For many school leaders, the past two years have been pandemic Groundhog Day. With the recent return of mask mandates in some districts facing another onslaught of COVID-19 cases, that feeling isn’t going away anytime soon.
School districts near Boston, Pittsburgh, and Portland, Maine, for example, have made headlines in recent weeks for reinstating mask mandates as a spike in cases in some places around the country propel communities into the Center for Disease Control and Prevention’s “high risk” category. The CDC recommends that people wear masks indoors and in public if they live in a red community.
“It feels horrible,” said John Provost, superintendent of Northampton Public Schools in Northampton, Mass., which reinstated a mask mandate on May 10. “This has been an incredibly taxing time for our staff, for our families, for all the support systems that are embedded within the district. I had sincerely hoped that we would never be at this place again.”
The Northampton school district had 64 cases among staff and students on May 4. By May 6, that number had risen to 139 in the district of around 2,700 students, Provost said.
The decision to require masks has become highly localized as nearly all states have dropped mask mandates for schools. But districts in some states won’t have that option even if cases rise.
Five states—Florida, Georgia, Oklahoma, Utah, and Virginia—ban mask mandates. Six other states—Arizona, Arkansas, Tennessee, Iowa, South Carolina, and Texas—have attempted mask mandate bans but had their attempts fully blocked or suspended by federal judges, or are not enforcing the mandates as they await court rulings, according to Education Week’s mask mandate tracker.
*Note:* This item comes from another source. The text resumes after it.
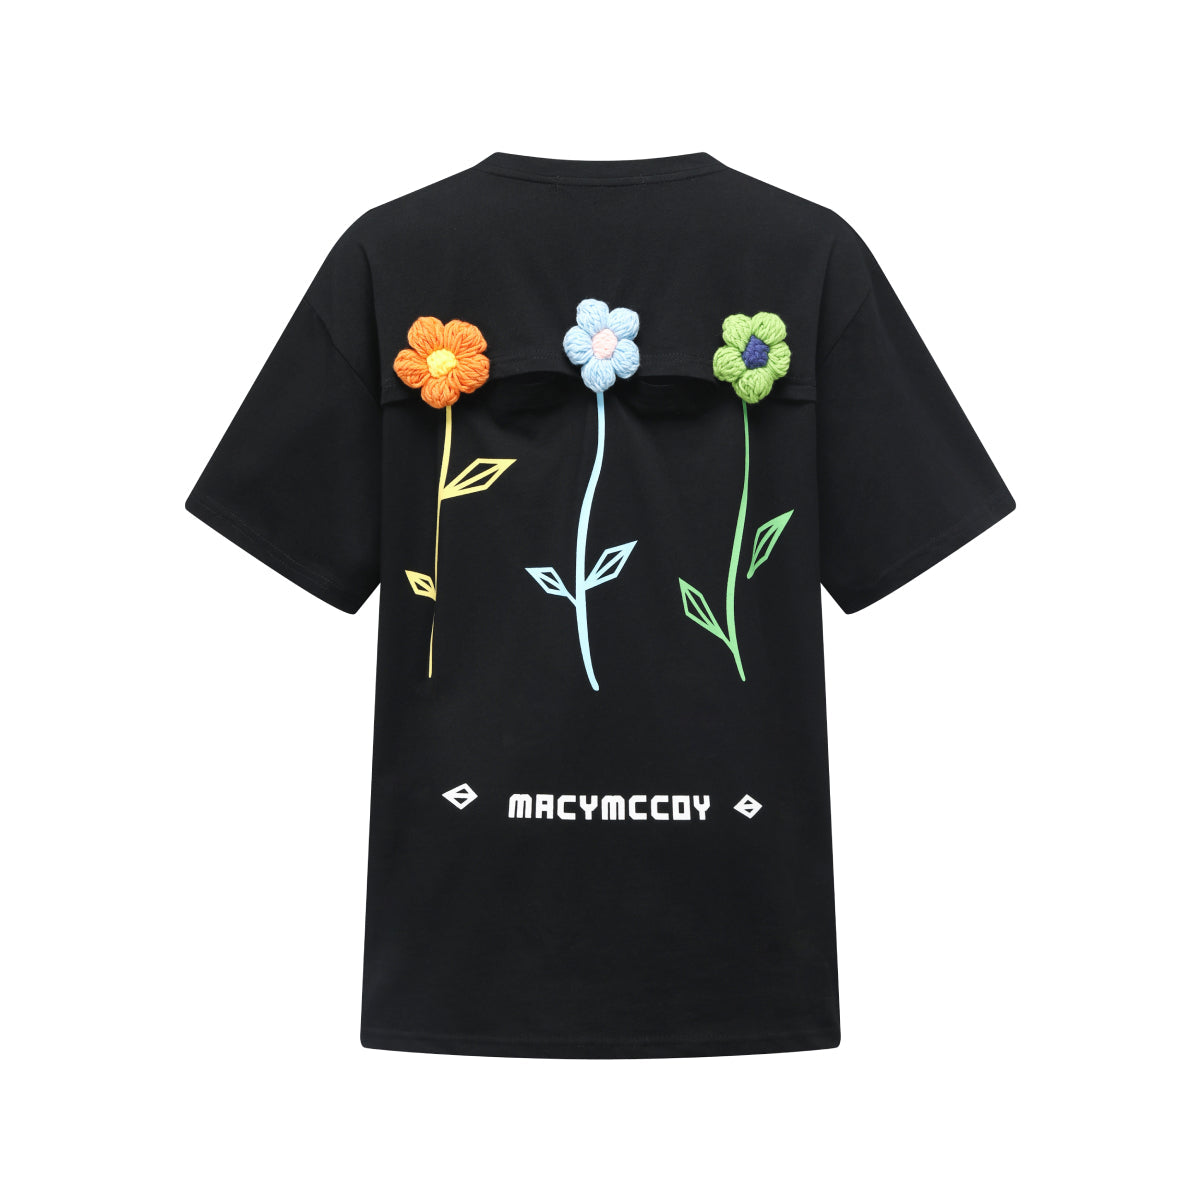 MacyMccoy Flower Hollow Out Tee

Hawaii is the only state with an ongoing mask mandate for schools, which is set to expire after the summer.
Rising case numbers behind return of mandates
After being mask optional for all of March and April, the Portland, Maine, school district brought back its mask mandate on May 12. Superintendent Xavier Botana said it was an easy decision after watching cases in the 6,500-student district climb from 26 at the start of April to 143 on May 8.
The rise in cases was coupled with the CDC’s decision to move Cumberland County, where Portland is located, from yellow, “medium risk,” territory into the red, “high risk,” classification. Cumberland is one of 137 U.S. counties labeled high risk, according to the CDC’s COVID-19 case tracker.
Botana pointed to CDC guidance about masking as the influence behind his decision.
Botana and Provost, in Northampton, hope the mask requirements will minimize disruptions to learning in their districts. Neither district has had to close schools in recent weeks, but both superintendents have been nervous as other school districts have closed doors.
The Brooklin School in Brooklin, Maine, moved to remote learning May 3 through May 6 after 30 percent of the school community was out with COVID-19 symptoms, according to a letter posted to the school’s website. In Northampton, one elementary school had 18 staff members out on May 13. Not all of those staff members were sick with the virus, but Provost believes the rise in cases has contributed to the staff absences.
“When you take the potential staff absenteeism that could be created if [the COVID-19] trend continues, it really, in our view, threatens the ability to guarantee continued school operations,” Provost said.
Even with the rising cases, the majority of schools nationwide remain mask optional. Kaweeda Adams, superintendent of the Albany City School District in New York, said the decision to return to masks would ultimately come down to guidance from the Albany County Department of Health.
The health department hadn’t given that guidance to the district as of Monday. Albany County was in the red zone on Friday, and the CDC labels the entire state of New York as either medium or high risk.
Although the masks are optional, the majority of students and staff wear them, Adams said. The district has other COVID mitigation measures in place, like widespread testing, quarantining, and hygiene lessons for students.
Adams said the 9,000-student district is averaging 13 cases a day.
“Right now, parents are concerned, even our students are concerned with the rising cases,” Adams said. “My message would be that we need to make sure that we’re following COVID protocols that have been established, that masks are encouraged.”
Preparing for pushback
Any school leader knows the drill by now. With changing COVID-19 policies comes opposition.
Both Provost and Botana have heard complaints about the decisions to return to masks. At a Northampton School Committee meeting on May 12, a handful of parents spoke against the mandate, challenging its legality, expressing concerns about equity for hard-of-hearing students, and asking, “Where is the end game here?”
Despite the vocal opposition, Provost and Botana are confident most of their communities support the return to masks. Both superintendents have developed a strategy of referencing data when talking to people who are against their decisions.
In letters sent to their school district communities, both superintendents cited advice and recommendations from health officials as a reason to return to masks.
“This is the way we’ve been trying to make decisions throughout the pandemic,” Botana said. “There’s nothing here that you wouldn’t expect from us.”
Neither Botana nor Provost wants to see the mask requirements remain for long. Both districts have their last day of school in mid-June, and the superintendents hope case numbers allow them to rescind mandates before summer.
“It’s one more curve in what’s been a super curvy road,” Botana said. “Hopefully, it’s the last one. I knock on wood as I’m saying that because I’ve said that many, many times.”